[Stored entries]
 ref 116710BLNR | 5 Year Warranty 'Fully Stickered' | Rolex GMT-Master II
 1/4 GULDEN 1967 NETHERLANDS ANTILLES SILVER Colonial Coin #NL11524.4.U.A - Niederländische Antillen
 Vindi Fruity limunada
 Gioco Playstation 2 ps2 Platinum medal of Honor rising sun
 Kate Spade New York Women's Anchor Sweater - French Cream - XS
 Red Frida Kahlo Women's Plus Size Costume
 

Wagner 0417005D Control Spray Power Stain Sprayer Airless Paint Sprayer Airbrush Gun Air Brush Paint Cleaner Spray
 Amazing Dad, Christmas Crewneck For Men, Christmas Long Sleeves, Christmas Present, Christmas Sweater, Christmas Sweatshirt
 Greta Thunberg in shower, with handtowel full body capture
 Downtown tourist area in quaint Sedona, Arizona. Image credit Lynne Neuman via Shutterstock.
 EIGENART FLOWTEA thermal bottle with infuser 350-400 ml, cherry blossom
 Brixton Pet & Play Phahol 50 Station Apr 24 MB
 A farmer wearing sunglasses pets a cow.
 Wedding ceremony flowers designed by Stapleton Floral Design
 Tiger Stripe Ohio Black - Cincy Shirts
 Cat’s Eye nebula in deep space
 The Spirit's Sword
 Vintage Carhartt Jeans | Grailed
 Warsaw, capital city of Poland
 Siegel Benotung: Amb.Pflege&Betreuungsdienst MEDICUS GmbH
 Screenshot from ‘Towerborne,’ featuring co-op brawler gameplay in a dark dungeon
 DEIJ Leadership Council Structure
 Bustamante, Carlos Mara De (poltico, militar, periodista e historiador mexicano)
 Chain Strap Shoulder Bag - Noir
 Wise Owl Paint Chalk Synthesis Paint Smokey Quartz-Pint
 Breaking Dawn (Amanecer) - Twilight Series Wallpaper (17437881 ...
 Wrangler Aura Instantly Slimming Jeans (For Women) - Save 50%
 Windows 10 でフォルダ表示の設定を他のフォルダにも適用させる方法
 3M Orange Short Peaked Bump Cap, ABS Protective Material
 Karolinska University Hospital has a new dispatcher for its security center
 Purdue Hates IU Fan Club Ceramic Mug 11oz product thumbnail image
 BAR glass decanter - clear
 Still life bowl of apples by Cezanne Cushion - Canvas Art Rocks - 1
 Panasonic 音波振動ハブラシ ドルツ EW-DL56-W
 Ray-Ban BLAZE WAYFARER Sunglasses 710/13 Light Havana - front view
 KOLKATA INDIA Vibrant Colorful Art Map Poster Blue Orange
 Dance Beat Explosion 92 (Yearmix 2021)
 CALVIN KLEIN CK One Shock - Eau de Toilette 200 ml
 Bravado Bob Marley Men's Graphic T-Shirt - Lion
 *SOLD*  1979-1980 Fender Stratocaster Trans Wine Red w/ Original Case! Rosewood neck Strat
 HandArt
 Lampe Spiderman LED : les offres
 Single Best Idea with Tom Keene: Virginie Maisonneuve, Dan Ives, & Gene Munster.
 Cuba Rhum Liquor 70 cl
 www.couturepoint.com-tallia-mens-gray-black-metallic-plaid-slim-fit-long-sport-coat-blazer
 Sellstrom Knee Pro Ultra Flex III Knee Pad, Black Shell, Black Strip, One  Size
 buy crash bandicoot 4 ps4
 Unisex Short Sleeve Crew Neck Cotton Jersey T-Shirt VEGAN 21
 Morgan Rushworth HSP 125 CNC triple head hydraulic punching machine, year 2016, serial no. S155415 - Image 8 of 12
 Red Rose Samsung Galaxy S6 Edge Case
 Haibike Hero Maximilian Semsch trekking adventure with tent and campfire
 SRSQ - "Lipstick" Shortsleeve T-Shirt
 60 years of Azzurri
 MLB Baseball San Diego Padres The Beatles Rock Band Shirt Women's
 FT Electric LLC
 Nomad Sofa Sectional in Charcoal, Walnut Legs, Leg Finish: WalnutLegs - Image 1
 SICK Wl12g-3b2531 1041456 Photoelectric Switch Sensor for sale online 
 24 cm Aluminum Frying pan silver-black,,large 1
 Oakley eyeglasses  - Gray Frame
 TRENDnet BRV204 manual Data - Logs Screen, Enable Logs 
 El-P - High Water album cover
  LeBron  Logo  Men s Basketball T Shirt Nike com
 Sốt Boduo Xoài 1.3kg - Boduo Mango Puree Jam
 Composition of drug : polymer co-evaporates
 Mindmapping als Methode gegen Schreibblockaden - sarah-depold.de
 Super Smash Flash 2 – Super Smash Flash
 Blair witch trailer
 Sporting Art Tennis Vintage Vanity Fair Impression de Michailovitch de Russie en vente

Work to complete
Copy every entry above word for word.

The answer
 ref 116710BLNR | 5 Year Warranty 'Fully Stickered' | Rolex GMT-Master II
 1/4 GULDEN 1967 NETHERLANDS ANTILLES SILVER Colonial Coin #NL11524.4.U.A - Niederländische Antillen
 Vindi Fruity limunada
 Gioco Playstation 2 ps2 Platinum medal of Honor rising sun
 Kate Spade New York Women's Anchor Sweater - French Cream - XS
 Red Frida Kahlo Women's Plus Size Costume
 

Wagner 0417005D Control Spray Power Stain Sprayer Airless Paint Sprayer Airbrush Gun Air Brush Paint Cleaner Spray
 Amazing Dad, Christmas Crewneck For Men, Christmas Long Sleeves, Christmas Present, Christmas Sweater, Christmas Sweatshirt
 Greta Thunberg in shower, with handtowel full body capture
 Downtown tourist area in quaint Sedona, Arizona. Image credit Lynne Neuman via Shutterstock.
 EIGENART FLOWTEA thermal bottle with infuser 350-400 ml, cherry blossom
 Brixton Pet & Play Phahol 50 Station Apr 24 MB
 A farmer wearing sunglasses pets a cow.
 Wedding ceremony flowers designed by Stapleton Floral Design
 Tiger Stripe Ohio Black - Cincy Shirts
 Cat’s Eye nebula in deep space
 The Spirit's Sword
 Vintage Carhartt Jeans | Grailed
 Warsaw, capital city of Poland
 Siegel Benotung: Amb.Pflege&Betreuungsdienst MEDICUS GmbH
 Screenshot from ‘Towerborne,’ featuring co-op brawler gameplay in a dark dungeon
 DEIJ Leadership Council Structure
 Bustamante, Carlos Mara De (poltico, militar, periodista e historiador mexicano)
 Chain Strap Shoulder Bag - Noir
 Wise Owl Paint Chalk Synthesis Paint Smokey Quartz-Pint
 Breaking Dawn (Amanecer) - Twilight Series Wallpaper (17437881 ...
 Wrangler Aura Instantly Slimming Jeans (For Women) - Save 50%
 Windows 10 でフォルダ表示の設定を他のフォルダにも適用させる方法
 3M Orange Short Peaked Bump Cap, ABS Protective Material
 Karolinska University Hospital has a new dispatcher for its security center
 Purdue Hates IU Fan Club Ceramic Mug 11oz product thumbnail image
 BAR glass decanter - clear
 Still life bowl of apples by Cezanne Cushion - Canvas Art Rocks - 1
 Panasonic 音波振動ハブラシ ドルツ EW-DL56-W
 Ray-Ban BLAZE WAYFARER Sunglasses 710/13 Light Havana - front view
 KOLKATA INDIA Vibrant Colorful Art Map Poster Blue Orange
 Dance Beat Explosion 92 (Yearmix 2021)
 CALVIN KLEIN CK One Shock - Eau de Toilette 200 ml
 Bravado Bob Marley Men's Graphic T-Shirt - Lion
 *SOLD*  1979-1980 Fender Stratocaster Trans Wine Red w/ Original Case! Rosewood neck Strat
 HandArt
 Lampe Spiderman LED : les offres
 Single Best Idea with Tom Keene: Virginie Maisonneuve, Dan Ives, & Gene Munster.
 Cuba Rhum Liquor 70 cl
 www.couturepoint.com-tallia-mens-gray-black-metallic-plaid-slim-fit-long-sport-coat-blazer
 Sellstrom Knee Pro Ultra Flex III Knee Pad, Black Shell, Black Strip, One  Size
 buy crash bandicoot 4 ps4
 Unisex Short Sleeve Crew Neck Cotton Jersey T-Shirt VEGAN 21
 Morgan Rushworth HSP 125 CNC triple head hydraulic punching machine, year 2016, serial no. S155415 - Image 8 of 12
 Red Rose Samsung Galaxy S6 Edge Case
 Haibike Hero Maximilian Semsch trekking adventure with tent and campfire
 SRSQ - "Lipstick" Shortsleeve T-Shirt
 60 years of Azzurri
 MLB Baseball San Diego Padres The Beatles Rock Band Shirt Women's
 FT Electric LLC
 Nomad Sofa Sectional in Charcoal, Walnut Legs, Leg Finish: WalnutLegs - Image 1
 SICK Wl12g-3b2531 1041456 Photoelectric Switch Sensor for sale online 
 24 cm Aluminum Frying pan silver-black,,large 1
 Oakley eyeglasses  - Gray Frame
 TRENDnet BRV204 manual Data - Logs Screen, Enable Logs 
 El-P - High Water album cover
  LeBron  Logo  Men s Basketball T Shirt Nike com
 Sốt Boduo Xoài 1.3kg - Boduo Mango Puree Jam
 Composition of drug : polymer co-evaporates
 Mindmapping als Methode gegen Schreibblockaden - sarah-depold.de
 Super Smash Flash 2 – Super Smash Flash
 Blair witch trailer
 Sporting Art Tennis Vintage Vanity Fair Impression de Michailovitch de Russie en vente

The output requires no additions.